Work request: Would you transcribe the whole listing exactly and drop its images?

Dataset extract:
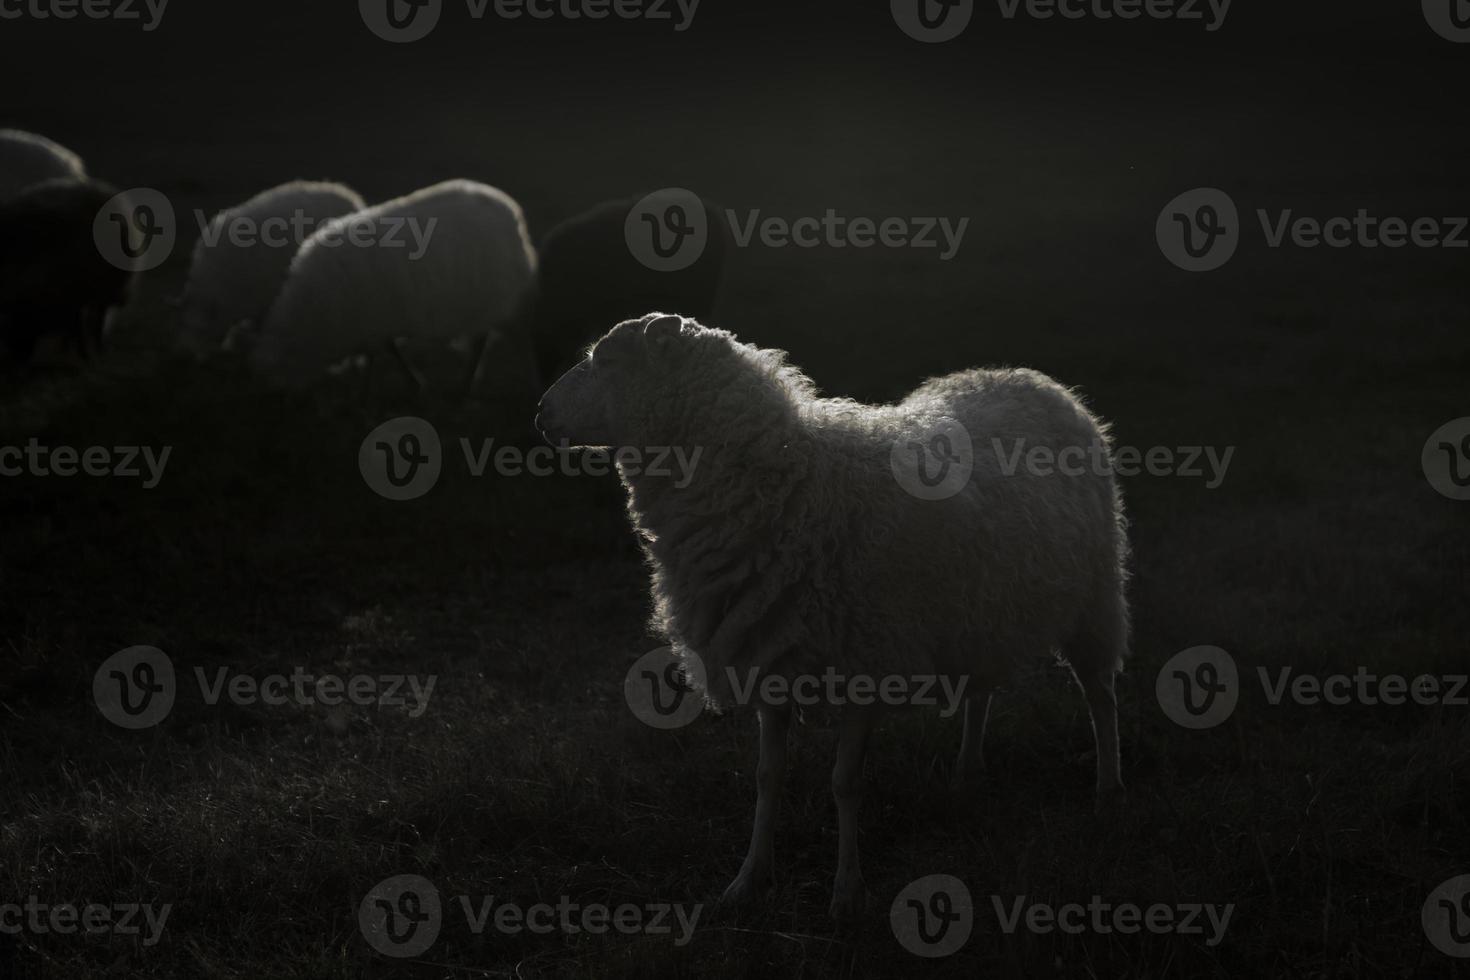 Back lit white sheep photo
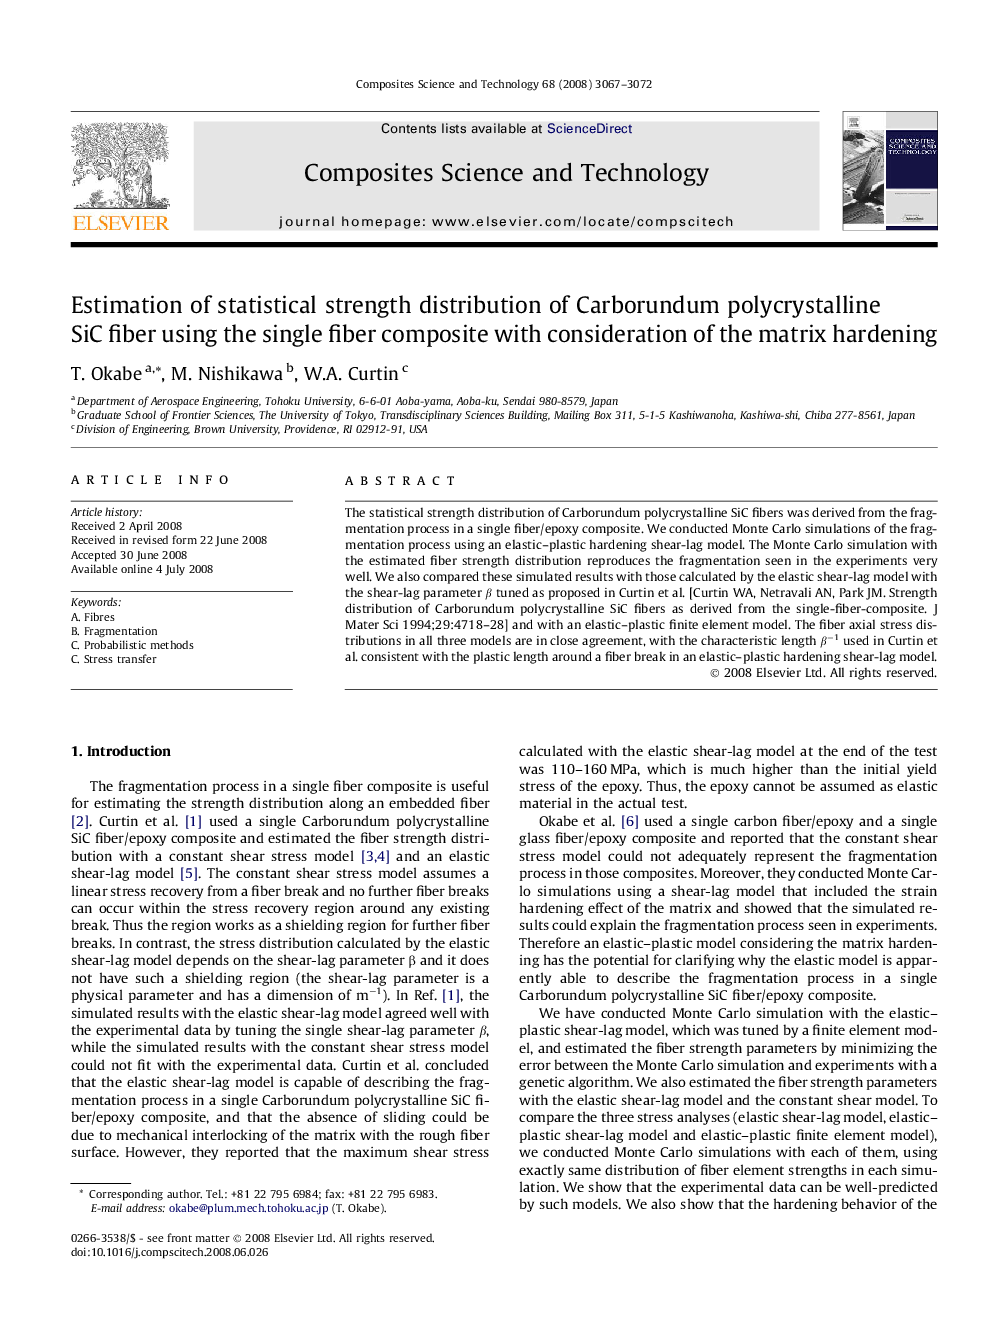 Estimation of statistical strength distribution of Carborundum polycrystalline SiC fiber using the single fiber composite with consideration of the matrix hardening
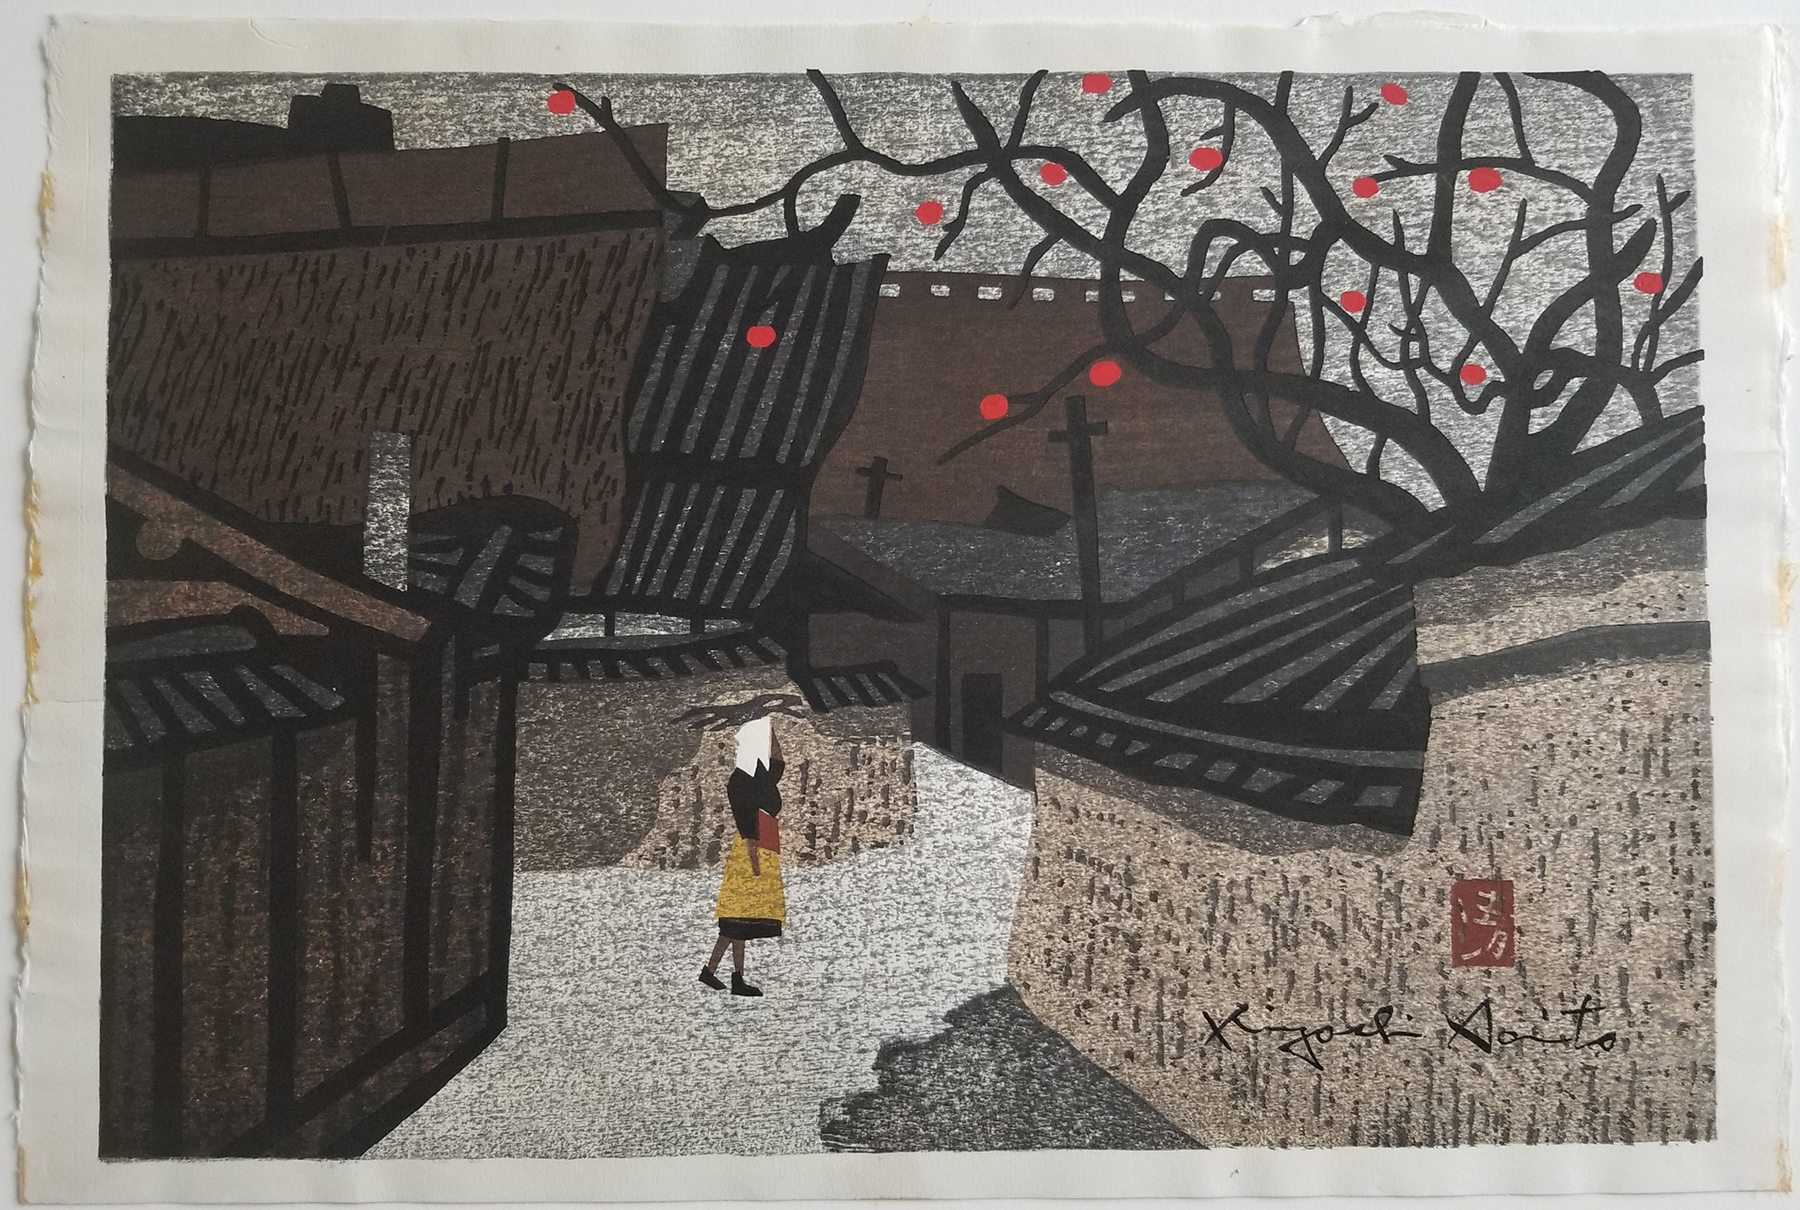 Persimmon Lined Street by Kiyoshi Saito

Exercise output:
 Back lit white sheep photo
 Estimation of statistical strength distribution of Carborundum polycrystalline SiC fiber using the single fiber composite with consideration of the matrix hardening
 Persimmon Lined Street by Kiyoshi Saito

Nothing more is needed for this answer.